# EXERCISE DESCRIPTION
From the listing below, restate word for word the lines from the line containing "Sundely Solar Panels" down through the line containing "Lot 17 Used". Exclude pictures.

# RECORDS PROVIDED

--- START ---

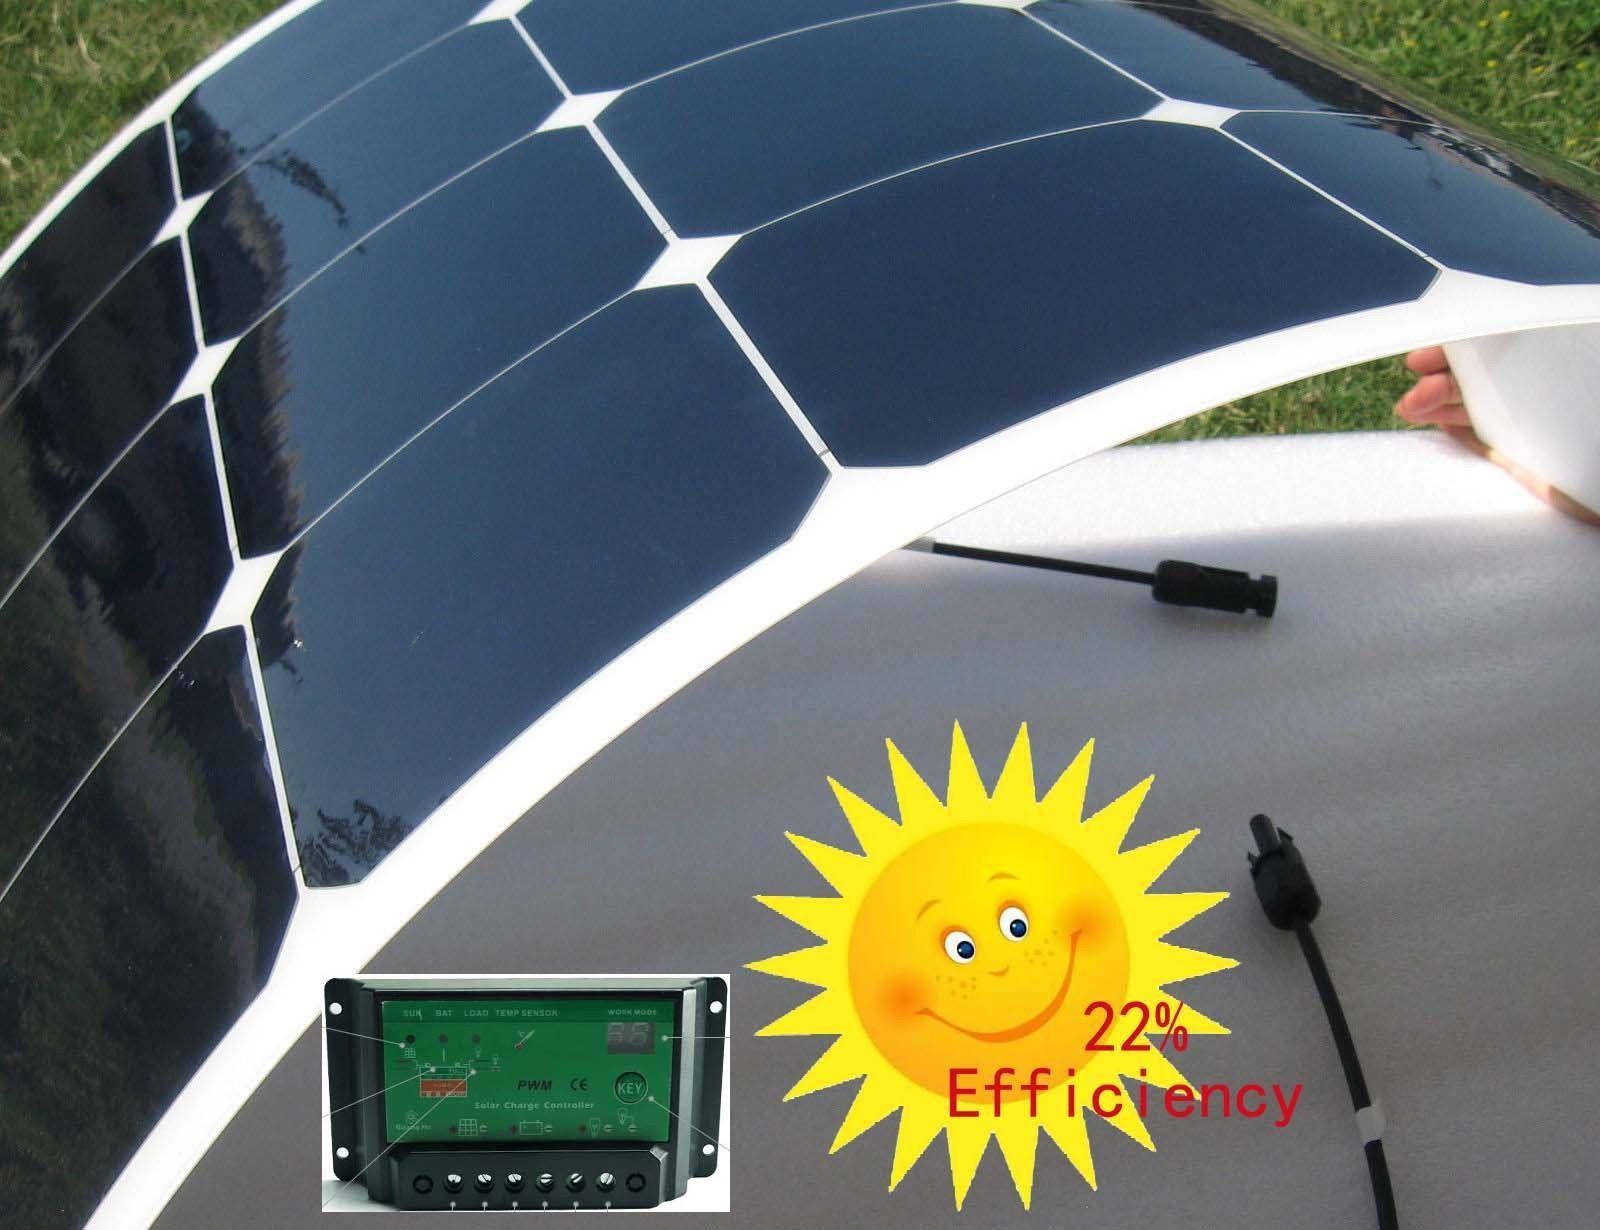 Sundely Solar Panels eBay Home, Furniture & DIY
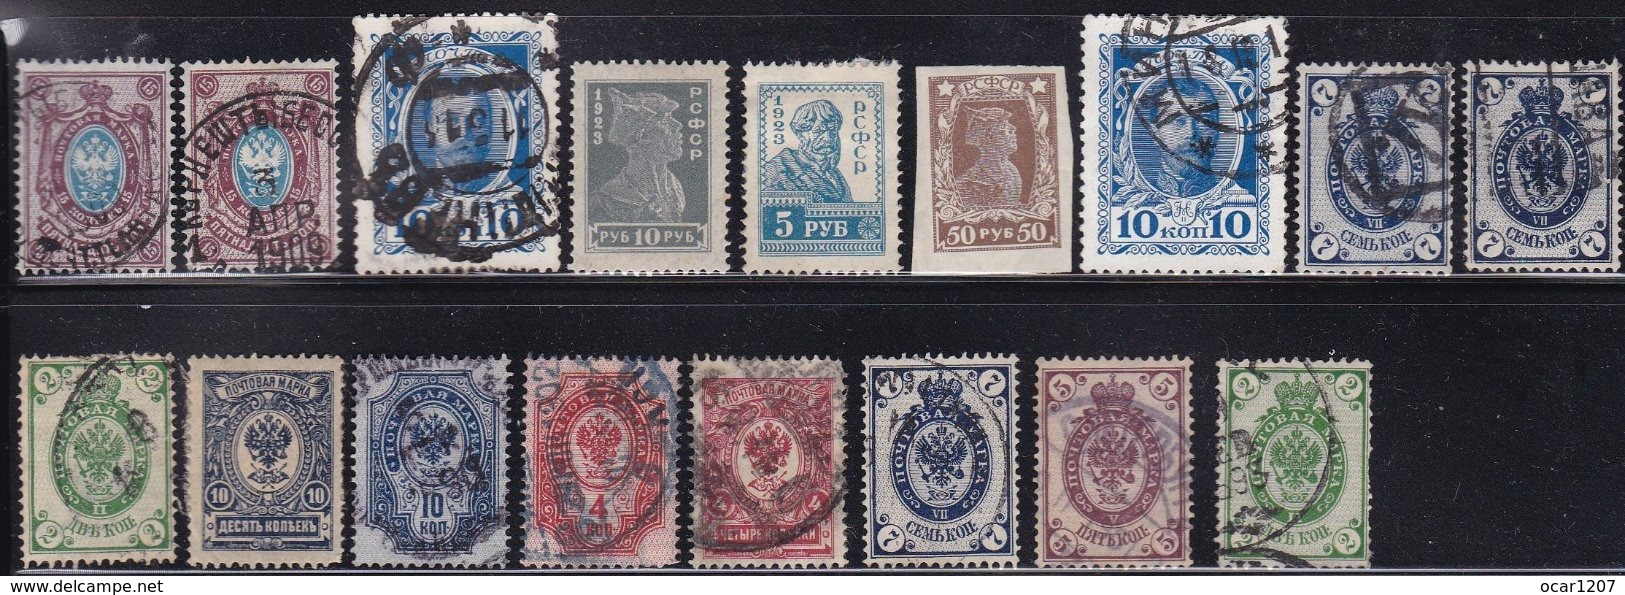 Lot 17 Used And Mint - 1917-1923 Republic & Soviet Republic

--- END ---
--- START ---

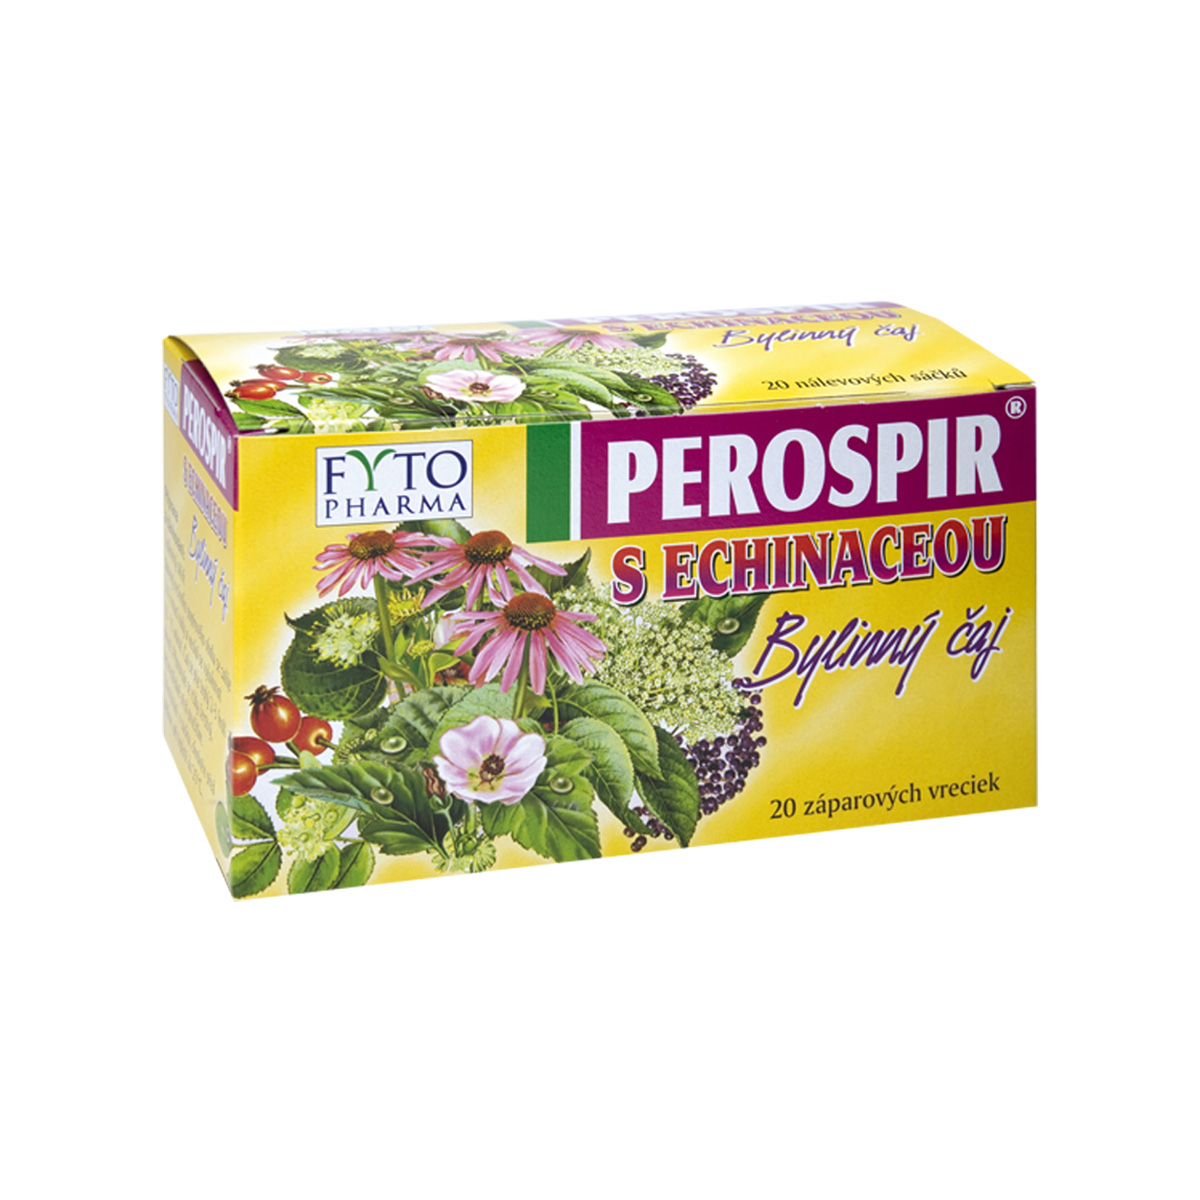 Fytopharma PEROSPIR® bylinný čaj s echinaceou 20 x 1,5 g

--- END ---
--- START ---

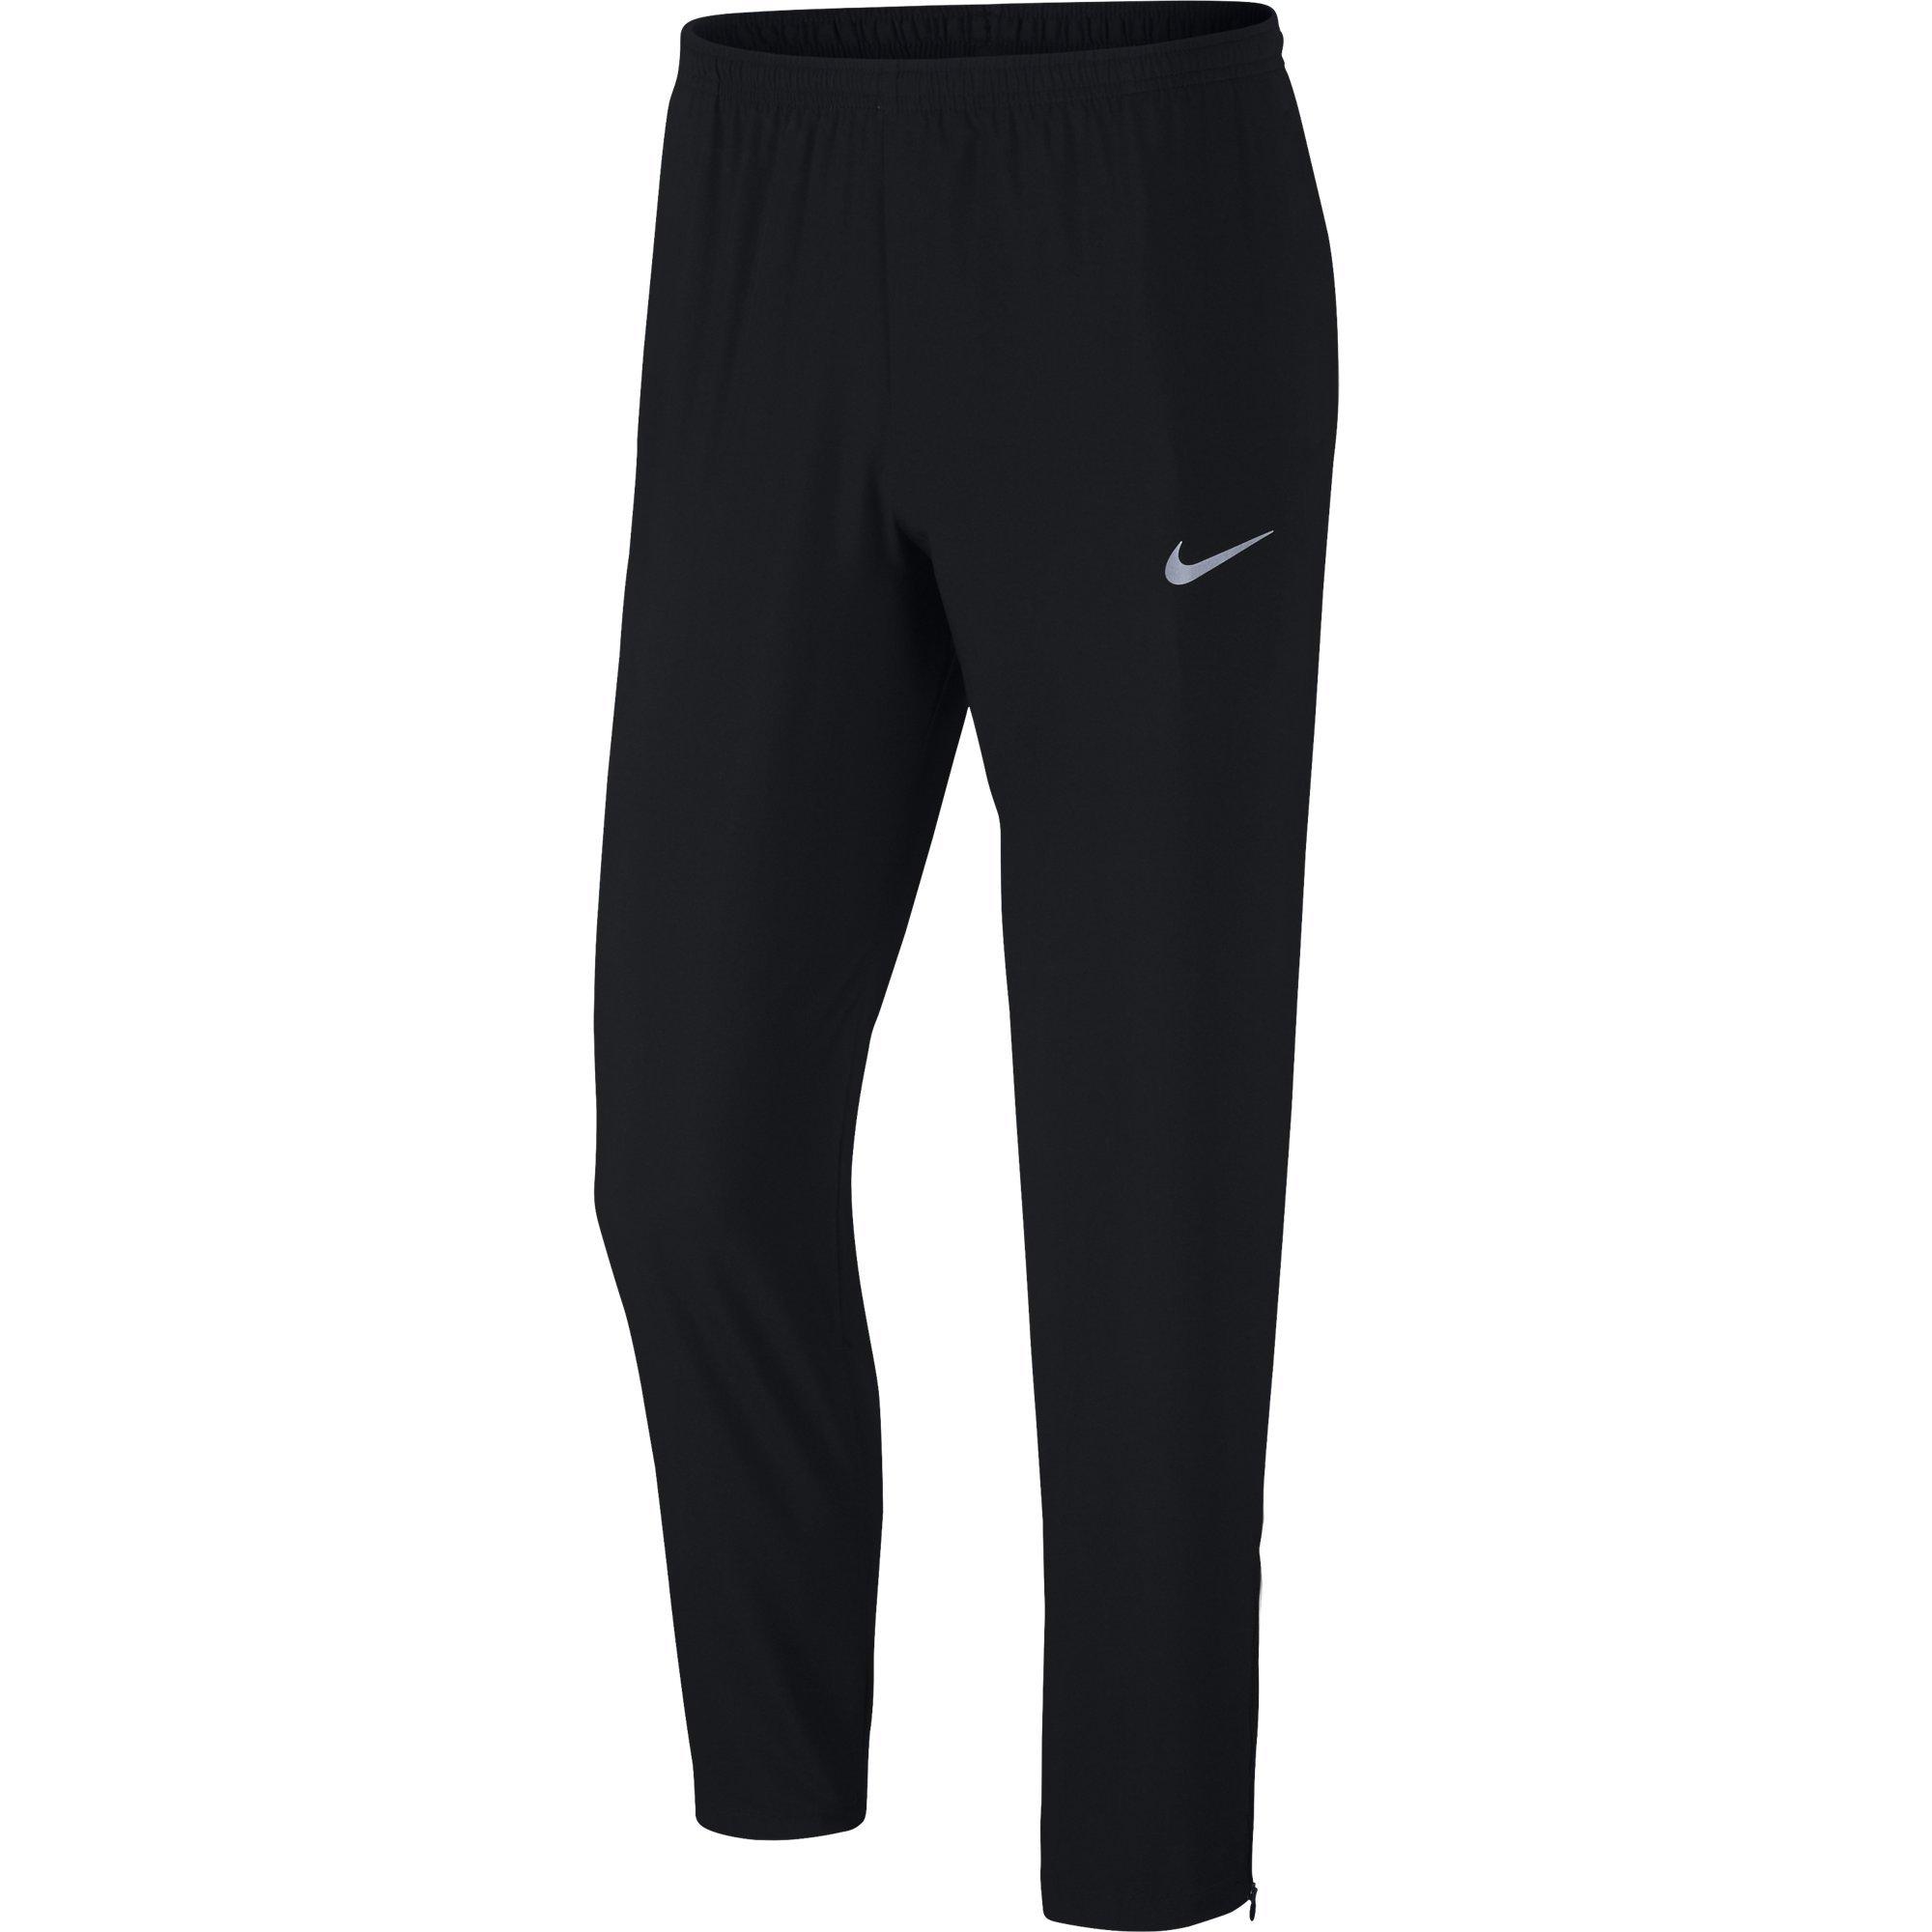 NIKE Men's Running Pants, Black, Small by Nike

--- END ---

# TASK SOLUTION
 Sundely Solar Panels eBay Home, Furniture & DIY
 Lot 17 Used And Mint - 1917-1923 Republic & Soviet Republic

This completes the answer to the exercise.